Well-known for his long tenure as manager of Neptune Investment Management’s US Opportunities Fund, Wintle has run a US fund since 2005 and has been in the industry since 1999, just a few months before the big dotcom bubble burst.

After his years in the industry and what he confesses has been a “fascinating” journey through economic boom and bust, he still does not tire of the opportunities across the pond. He set up a new fund from scratch with boutique firm Tyndall Investment Management in July.

The streets really are paved with gold in Wintle’s eyes. “For me, the US is the most exciting market in the world. Lots of people talk about emerging markets and what’s happening in Europe, but for me the US is the only market that offers you exposure to any investment theme you could think of,” he says.

Off the scale

The land of the supersize Big Mac meal is also home to a host of the world’s largest and most influential companies, the scale of which Wintle argues simply isn’t available to investors in any other region.
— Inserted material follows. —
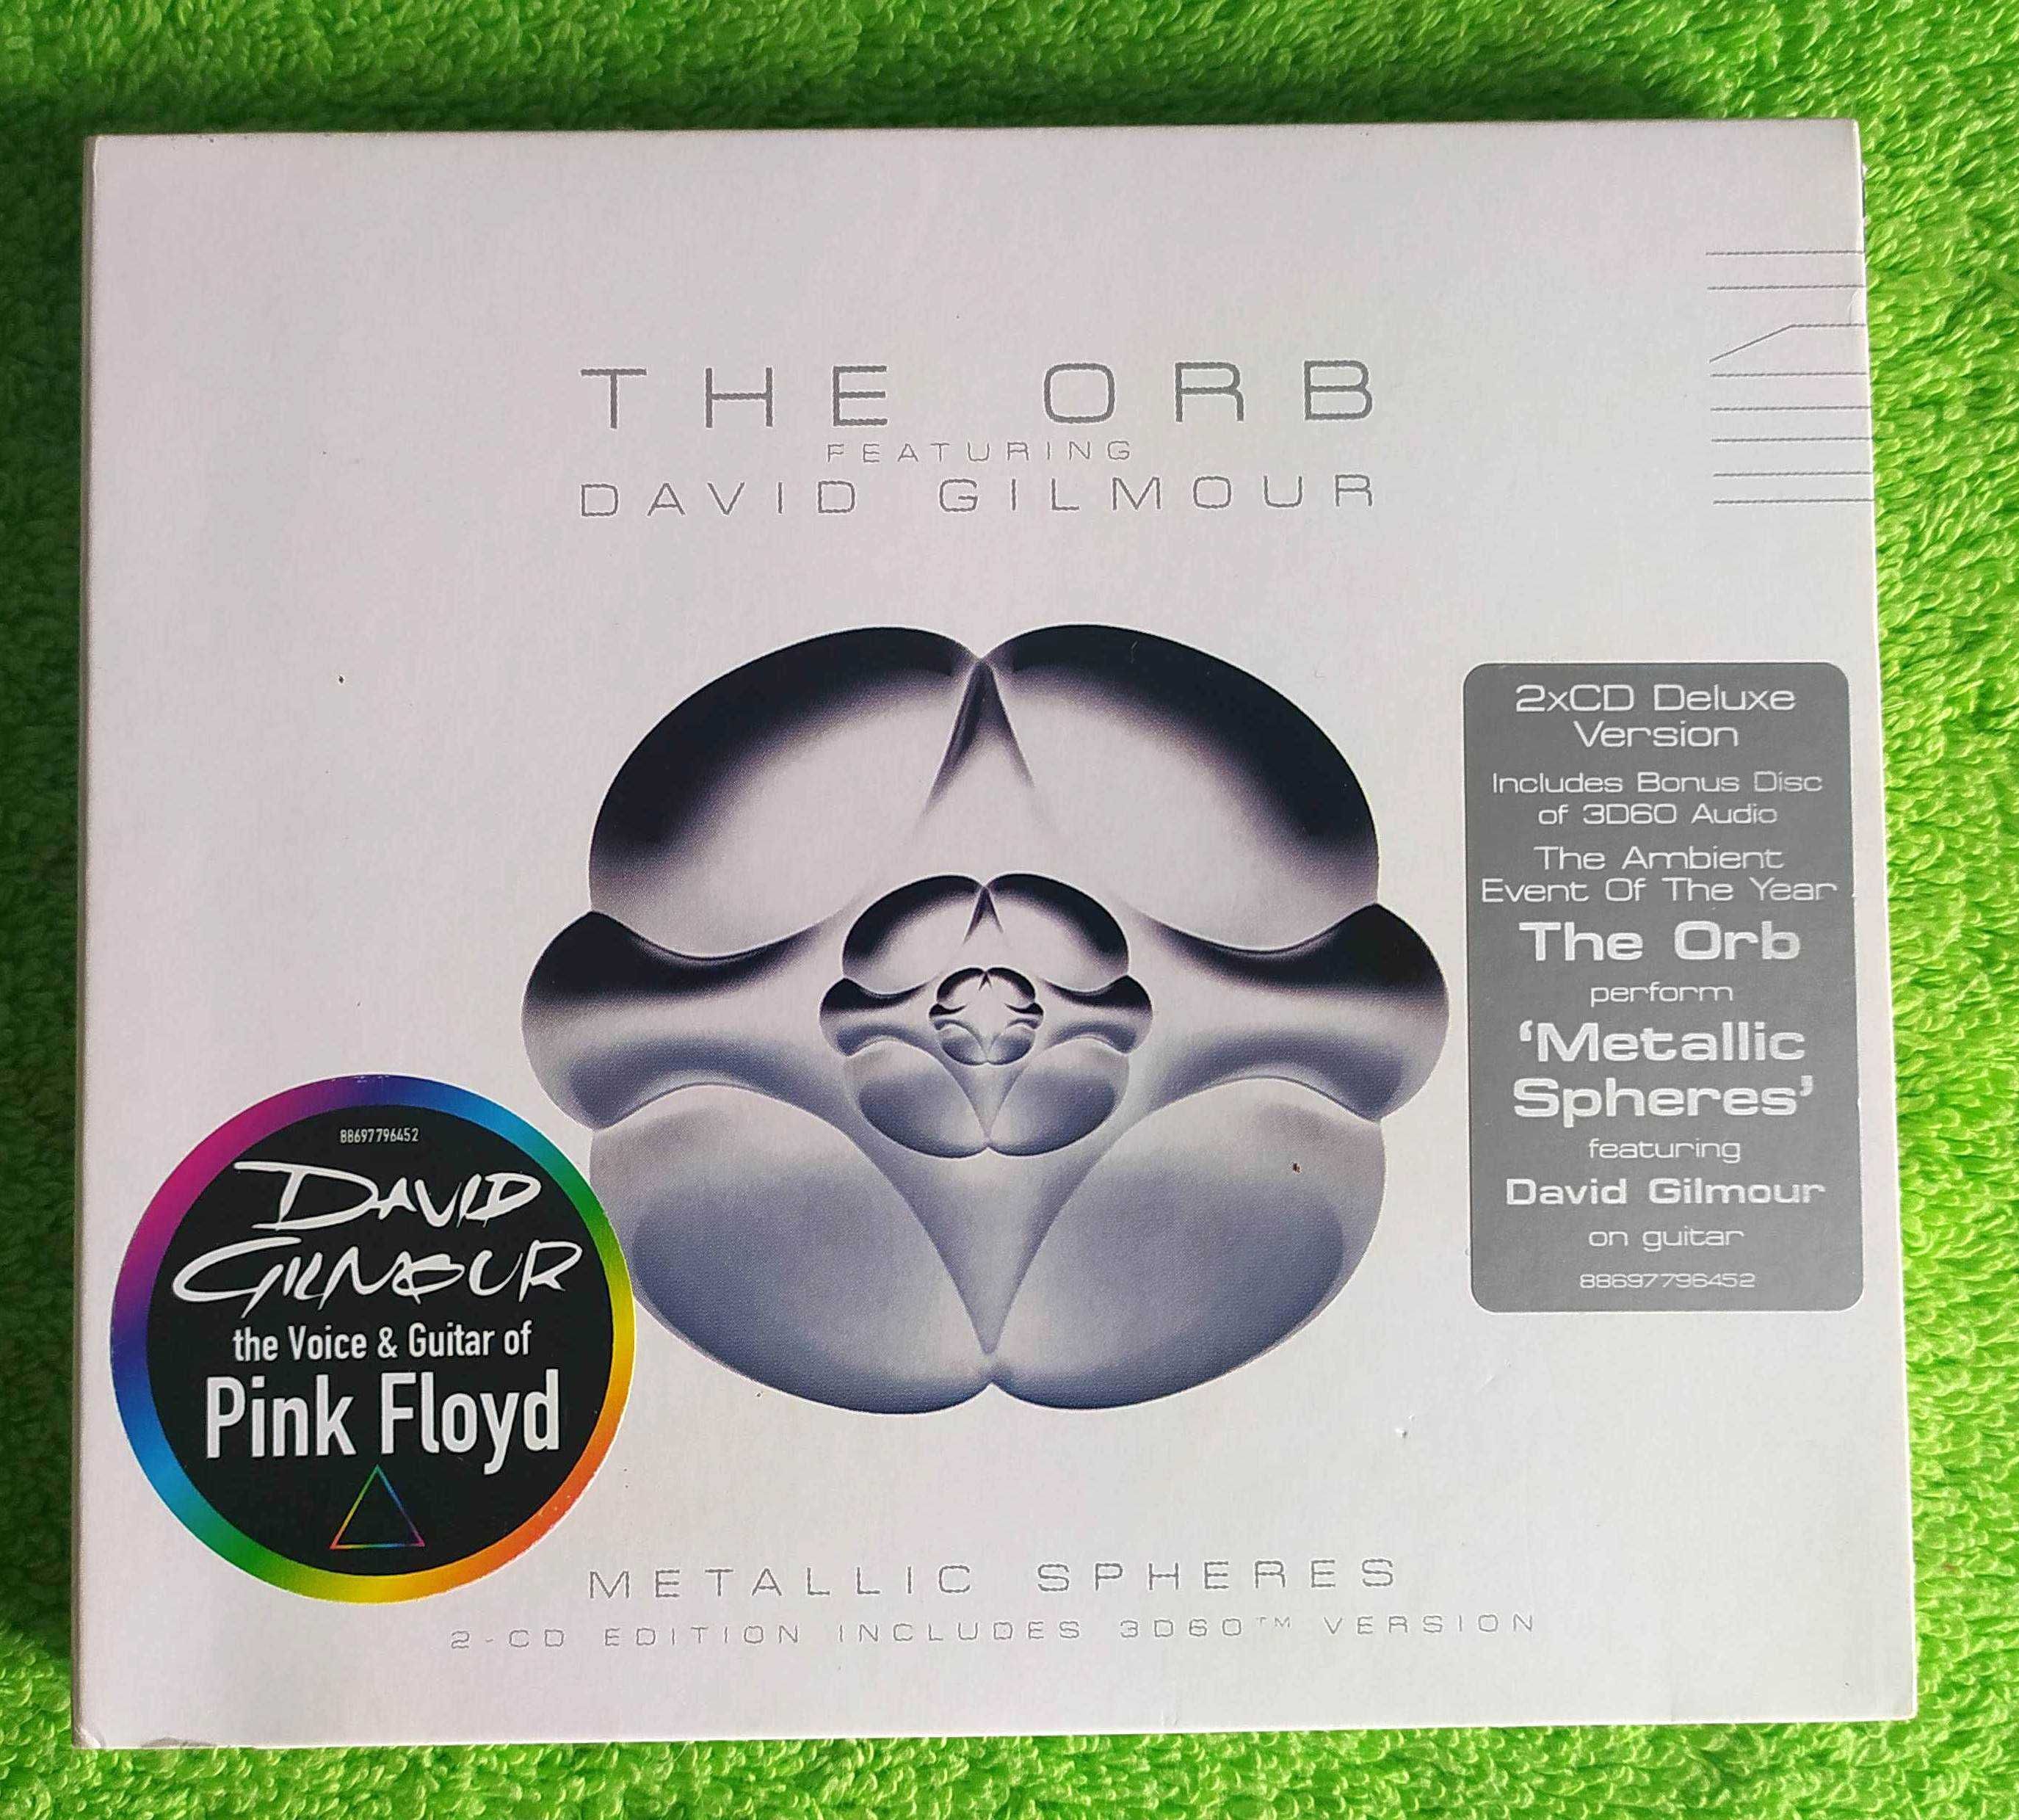 The Orb Featuring David Gilmour (2-CD)  "Metallic Spheres" 3D60™ 2010

“Take a big one, technology,” he says. “If you’re running European money, there’s only a handful of tech companies you can invest in. “Tech companies are changing the game but if you’re not investing in the US you can’t access that. It is the same with healthcare, which is another big theme.

“Here you have GlaxoSmithKline and Astrazeneca but they’re massive companies who aren’t really going anywhere or there’s lots of small-cap stuff, but that’s really it.
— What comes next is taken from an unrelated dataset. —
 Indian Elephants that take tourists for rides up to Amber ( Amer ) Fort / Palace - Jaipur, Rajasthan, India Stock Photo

“The US has loads of healthcare and loads of biotechnology. It’s the same if you go to emerging markets. There are large swathes of the investable universe that just don’t exist.”

It’s the reason investing in the US markets has not lost its appeal for Wintle in the 12 years of running his own dedicated US funds at Neptune and as he now strikes out as one of the founders of Tyndall IM.

Tomorrow’s world

Technology is a theme Wintle comes back to time and again during research on investment themes and opportunities, and he stands steadfast in his belief that it is changing the world.

Technology has become so much more than just devices, apps and gadgets, and is now inextricably linked to almost every aspect of everyday life, he says.

It is the top-down ideas that ultimately guide Wintle’s investment process, and he then gets into the nitty gritty of company accounts and strategy.

“We do it [that way] because I am interested in finding out where the world is going to, not where it’s been. What’s tomorrow bringing? Because that’s where the stock market is going, it always looks forward, never back.

“I try and identify where the big investment themes are and where they are going. Right now that leads you to technology.”

Wintle is overweight in the tech sector at the time of writing, with 28.5% of the portfolio in technology stocks against 23.5% in the S&P 500.

The portfolio is also heavily tilted towards large-cap stocks, with 63% of the exposure towards companies worth north of $20bn, 27% to mid-cap and just 5% in small-cap stocks worth less than $5bn.